From: Ira Weiny <[email protected]>

This RFC series has been reviewed by Dave Hansen.

This patch set introduces a new page protection mechanism for supervisor pages,
Protection Key Supervisor (PKS) and an initial user of them, persistent memory,
PMEM.

PKS enables protections on 'domains' of supervisor pages to limit supervisor
mode access to those pages beyond the normal paging protections. They work in
a similar fashion to user space pkeys. Like User page pkeys (PKU), supervisor
pkeys are checked in addition to normal paging protections and Access or Writes
can be disabled via a MSR update without TLB flushes when permissions change.
A page mapping is assigned to a domain by setting a pkey in the page table
entry.

Unlike User pkeys no new instructions are added; rather WRMSR/RDMSR are used to
update the PKRS register.

XSAVE is not supported for the PKRS MSR. To reduce software complexity the
implementation saves/restores the MSR across context switches but not during
irqs. This is a compromise which results is a hardening of unwanted access
without absolute restriction.

For consistent behavior with current paging protections, pkey 0 is reserved and
configured to allow full access via the pkey mechanism, thus preserving the
default paging protections on mappings with the default pkey value of 0.

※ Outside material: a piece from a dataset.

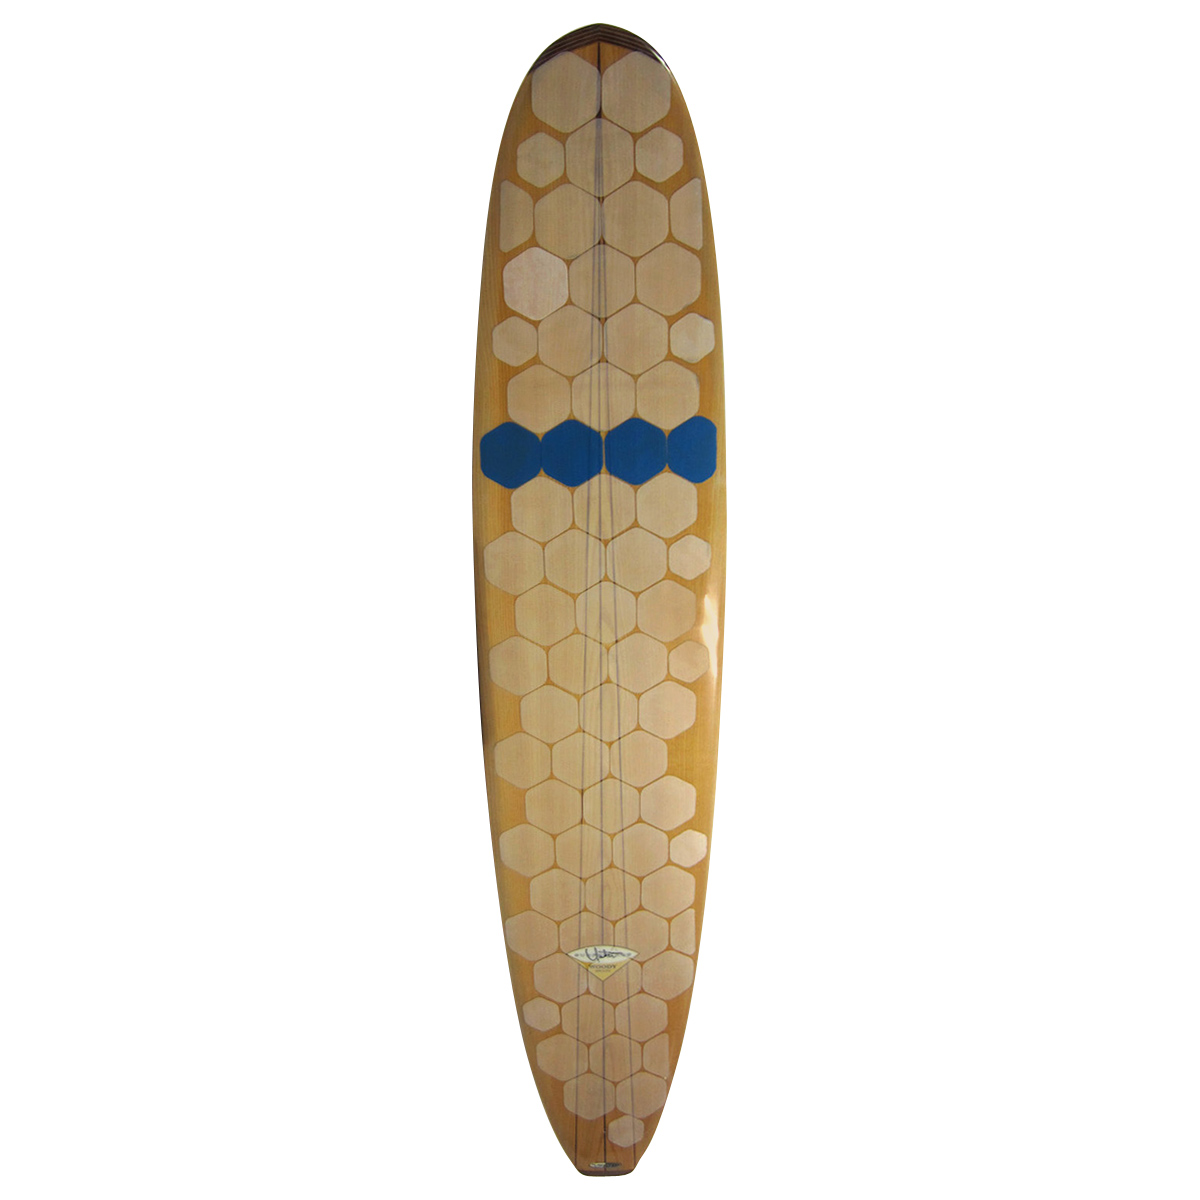  / YATER / 9`0 Spoon Woody Surftech

Other keys, (1-15) are allocated by an allocator which prepares us for key
contention from day one. Kernel users should be prepared for the allocator to
fail either because of key exhaustion or due to PKS not being supported on the
arch and/or CPU instance.

Protecting against stray writes is particularly important for PMEM because,
unlike writes to anonymous memory, writes to PMEM persists across a reboot.
Thus data corruption could result in permanent loss of data.

The following attributes of PKS makes it perfect as a mechanism to protect PMEM
from stray access within the kernel:

1) Fast switching of permissions
2) Prevents access without page table manipulations
3) Works on a per thread basis
4) No TLB flushes required

The second half of this series thus uses the PKS mechanism to protect PMEM from
stray access.


Implementation details
----------------------

Modifications of task struct in patches:
(x86/pks: Preserve the PKRS MSR on context switch)
(memremap: Add zone device access protection)

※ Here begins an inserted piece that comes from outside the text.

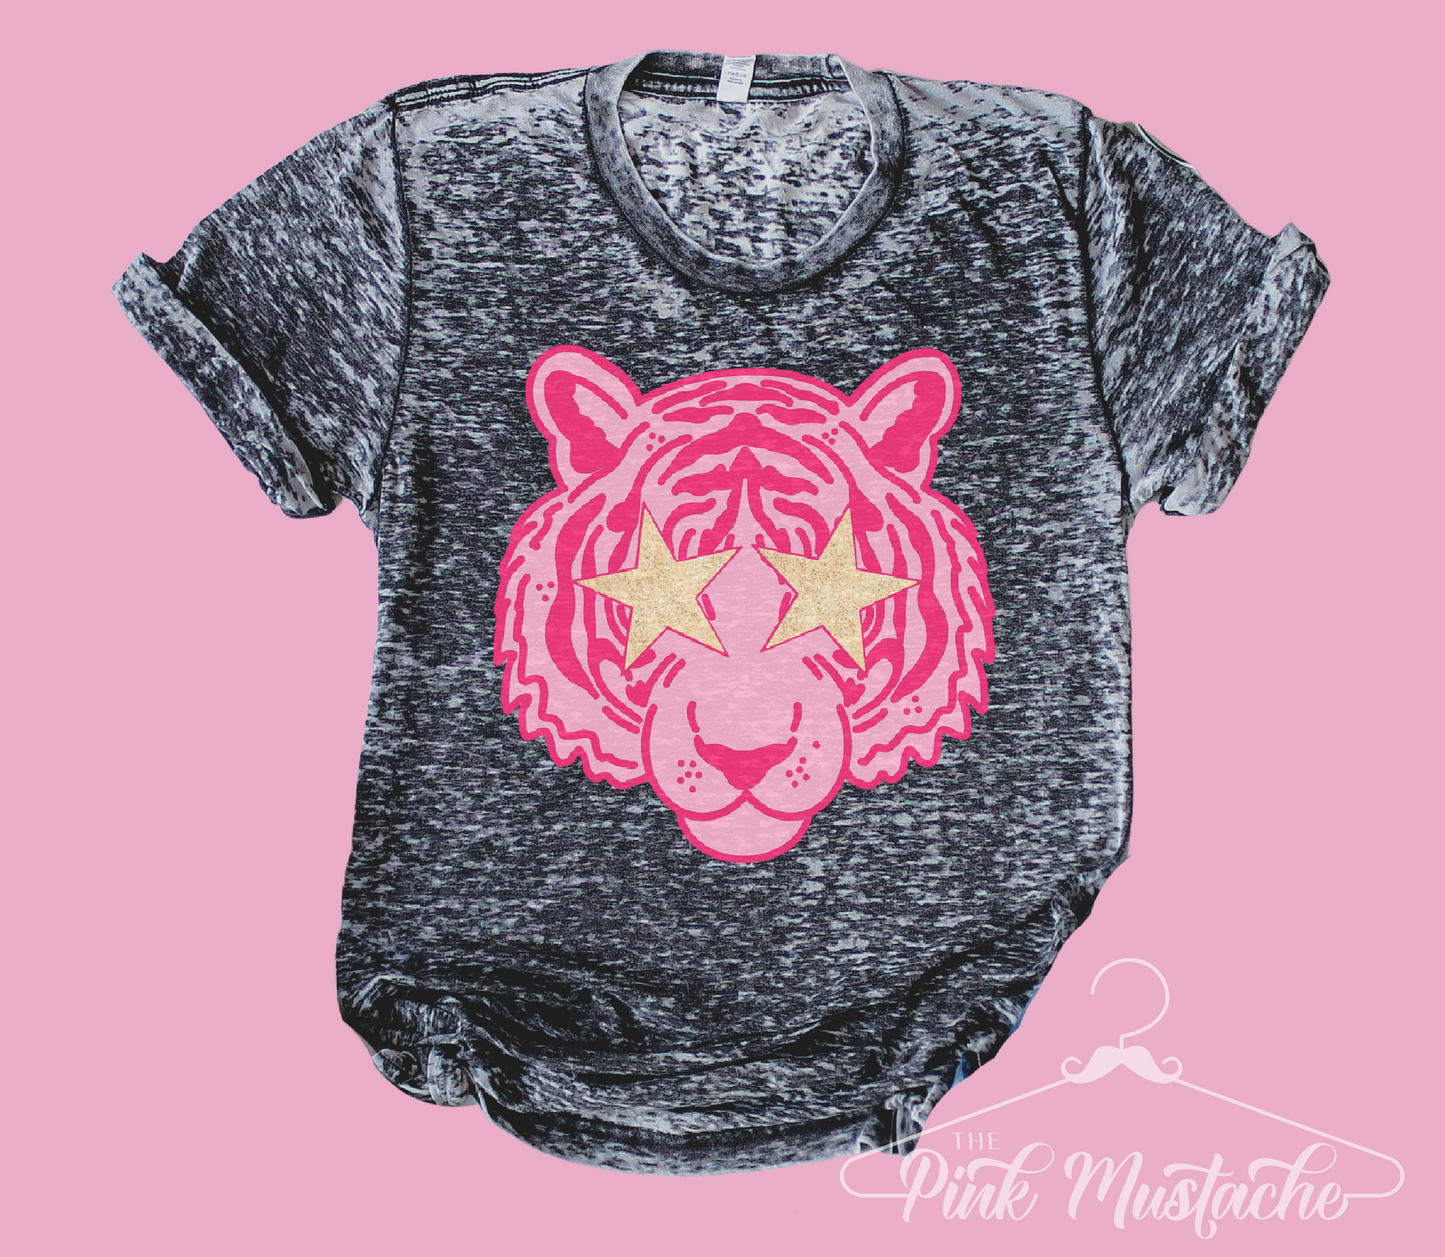 Acid Washed Bright Pink Tiger Star Tee/ Quality Acid Washed Retro Tee

Because pkey access is per-thread 2 modifications are made to the task struct.
The first is a saved copy of the MSR during context switches. The second
reference counts access to the device domain to correctly handle kmap nesting
properly.


Maintain PKS setting in a re-entrant manner in patch:
(memremap: Add zone device access protection)

Using local_irq_save() seems to be the safest and fastest way to maintain kmap
as re-entrant. But there may be a better way. spin_lock_irq() and atomic
counters were considered. But atomic counters do not properly protect the pkey
update and spin_lock_irq() is unnecessary as the pkey protections are thread
local. Suggestions are welcome.


The use of kmap in patch:
(kmap: Add stray write protection for device pages)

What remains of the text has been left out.